It was the programme that finally answered a question which had troubled the finest scientific minds for decades: "Just what does Flash Gordon's arch-enemy Ming the Merciless do when he's not busy destroying planets and conquering galaxies?"
Answer: He checks his phone messages, does a spot of hoovering, makes a cup of tea and watches some television, Teletubbies mostly. Oh, and recuperates in hospital after a little slip on the bathroom mat temporarily puts him out of action.
It was the programme that introduced us to the brutal realities of the natural world, where herds of wild jockeys are stalked and attacked by that most lethal of predators, The Artist Formerly Known As Prince.
It was the programme that pitted funk queen Chaka Khan, sheriff of West Gulch, Wyoming, in a blood-spattered western-movie shootout against murderous outlaws The Bee Gees, who she held responsible for the deaths of Herbie Hancock, Al Jarreau and George Benson in the infamous "Sundown Studios Massacre".
It was, in case you haven't figured it out already, Big Train, the brilliantly surreal, wildly funny comedy sketch show written by Father Ted partnership Graham Linehan and Arthur Mathews.

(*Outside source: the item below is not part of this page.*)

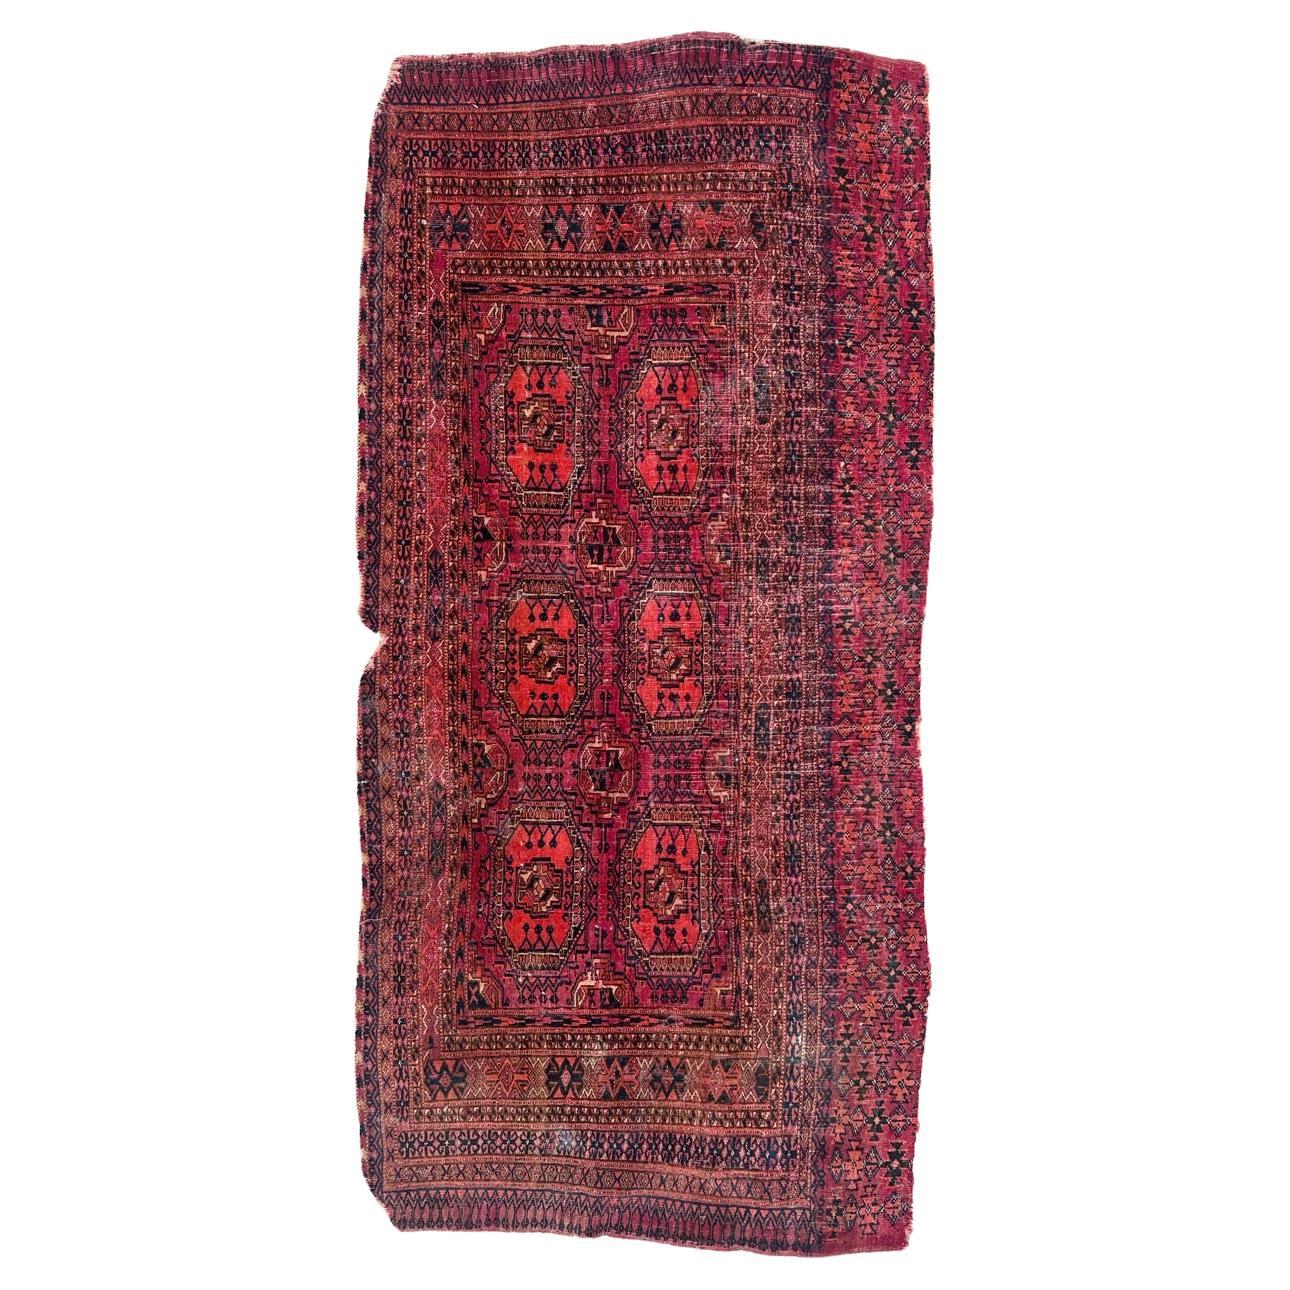  Antique Turkmen Yomut Chuval Horse Cover Rug
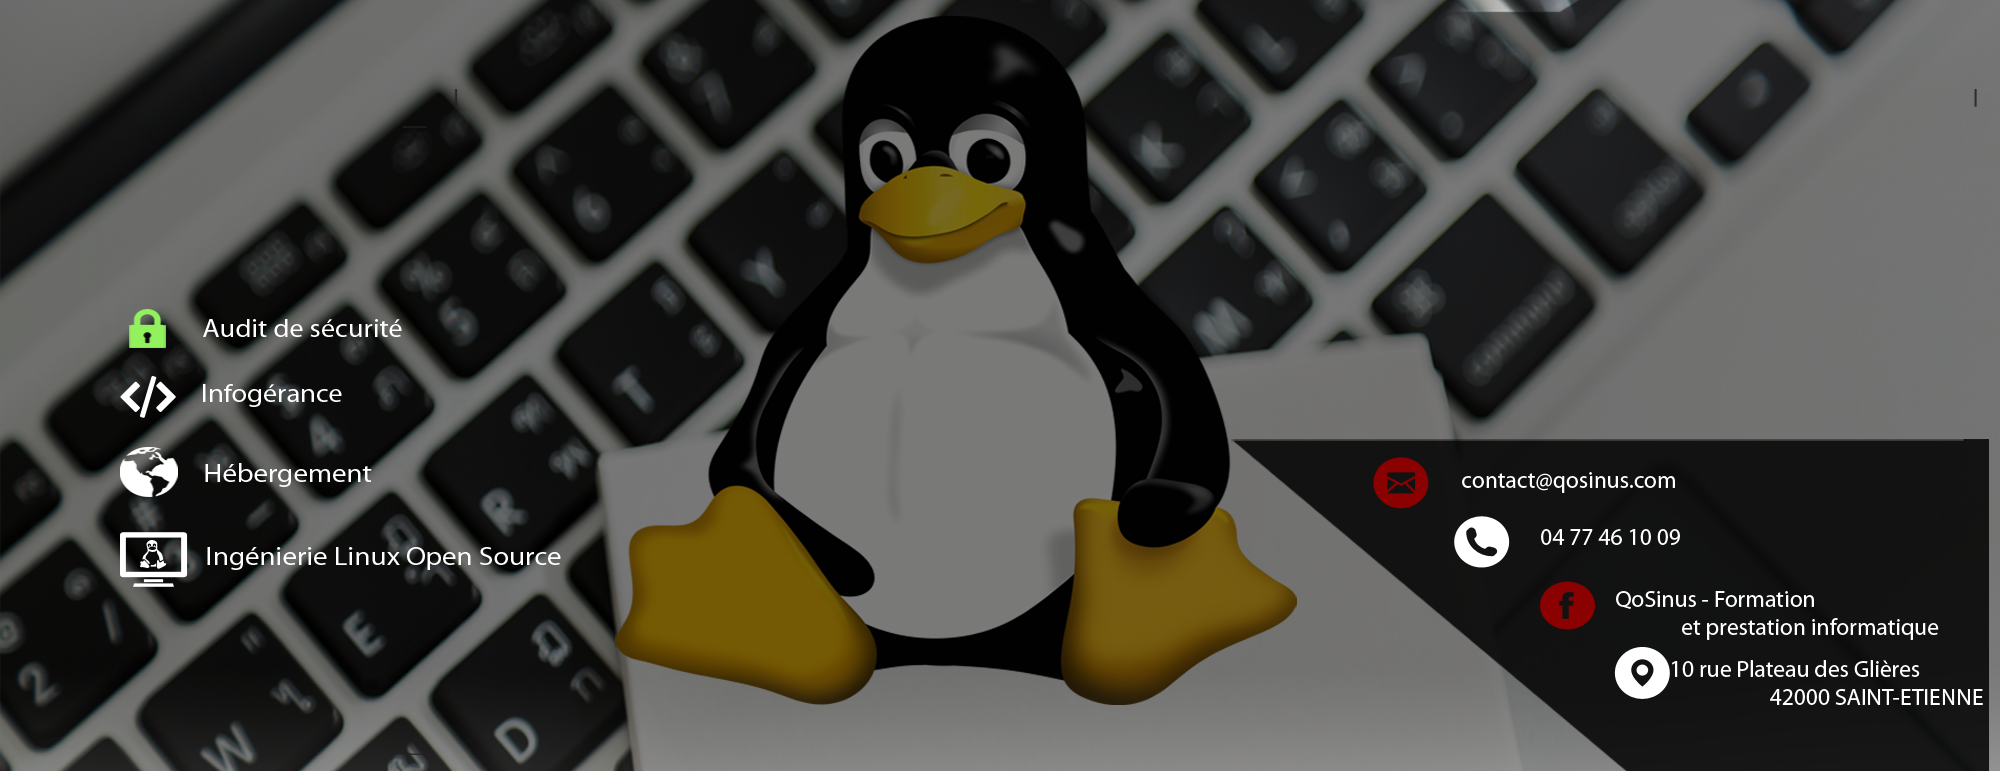 Developpeur web expert Linux!

It's been 10 years since Big Train last shunted across our screens. Linehan and Mathews apparently wrote it as a stopgap between Ted and their next planned sitcom, which turned out to be the disappointing Hippies.
Yet, in spite of running for just two series on BBC2 between 1998 and 2002 (the second written by Mathews alone), Big Train left an indelible impression on anyone who watched it.
It also helped launch the careers of an impressive list of performers: Simon Pegg, Kevin Eldon, Julia Davis, Amelia Bulmore, Mark Heap, Nick Frost, Rebecca Front, Tracy-Ann Oberman and Catherine Tate. Any comedy producer today would give an arm to have a talent pool like that.
The trouble was, however, that not nearly enough people watched Big Train. Why it never developed the kind of following it deserved -- and it certainly deserved more than the tedious Little Britain, which stretched to four series and a live arena tour on the strength of a handful of catchphrases -- is one of the great television mysteries. Maybe it was a question of timing.
The Fast Show, for which Linehan and Mathews created the marvellous 'Ralph and Ted' sketches, had ended less than a year before Big Train rolled on to BBC2, so perhaps audiences had had their fill of sketch shows for the time being.
Despite its failure to click with a mass audience, Big Train holds up brilliantly after a decade. Other than the youthfulness of some of the faces (Pegg looks about 15), there's nothing at all to date it. The sketches are so fresh and funny they could have made last week. Because the first series was shot on 35mm film and the second on high-grade DigiBeta video, which provided film-stock quality at a lower cost, Big Train also looks fabulous.
But don't take my word for it. There's a huge selection of sketches available on YouTube, while both series are available in a DVD boxset. Hop aboard, you'll enjoy the ride.
>drama divide "Why do British TV dramas fail to match the imports?" wondered a journalist in a British broadsheet this week.
Gosh, that's a tough one. Let's see: America gave the world Homeland, starring Claire Danes, Damian Lewis and Morena Baccarin; Britain gave the world Spooks, starring Peter Firth and assorted lumps of teak in suits.
America gave us cop shows like The Wire and The Shield; Britain gave us The Bill and Midsomer Murders. America gave us the historical dramas Deadwood and Boardwalk Empire; Britain gave us Lark Rise to Candelford and Call the Midwife. Do you think there might be a clue buried in there?
>nostalgia overload Various excuses have been offered for the failure of the BBC1's remake of Upstairs Downstairs, which has been axed. So far cited are the low ratings (4.5m viewers); the perception that it was a cash-in on Downtown Abbey (even though it was planned before the latter hit screens), and the loss of stars and co-creators Jean Marsh (through illness) and Eileen Atkins. What hasn't been mentioned is the danger of trading too heavily on nostalgia. It can't be coincidence that BBC1's Young James Herriot, a prequel to, All Creatures Great and Small, is not being renewed either.
>OVER tHE MOON There's been a rumbling in certain critical quarters that The Savage Eye, which finished its third series this week, has lost its focus. Can't say I agree. This week's silent movie about what Henry Ford's cars might have looked like if he'd been born in Ireland was positively Milliganesque in its brilliance. If it's topical political satire rather than surreal comic lunacy you're looking for, might I suggest Oireachtas Report?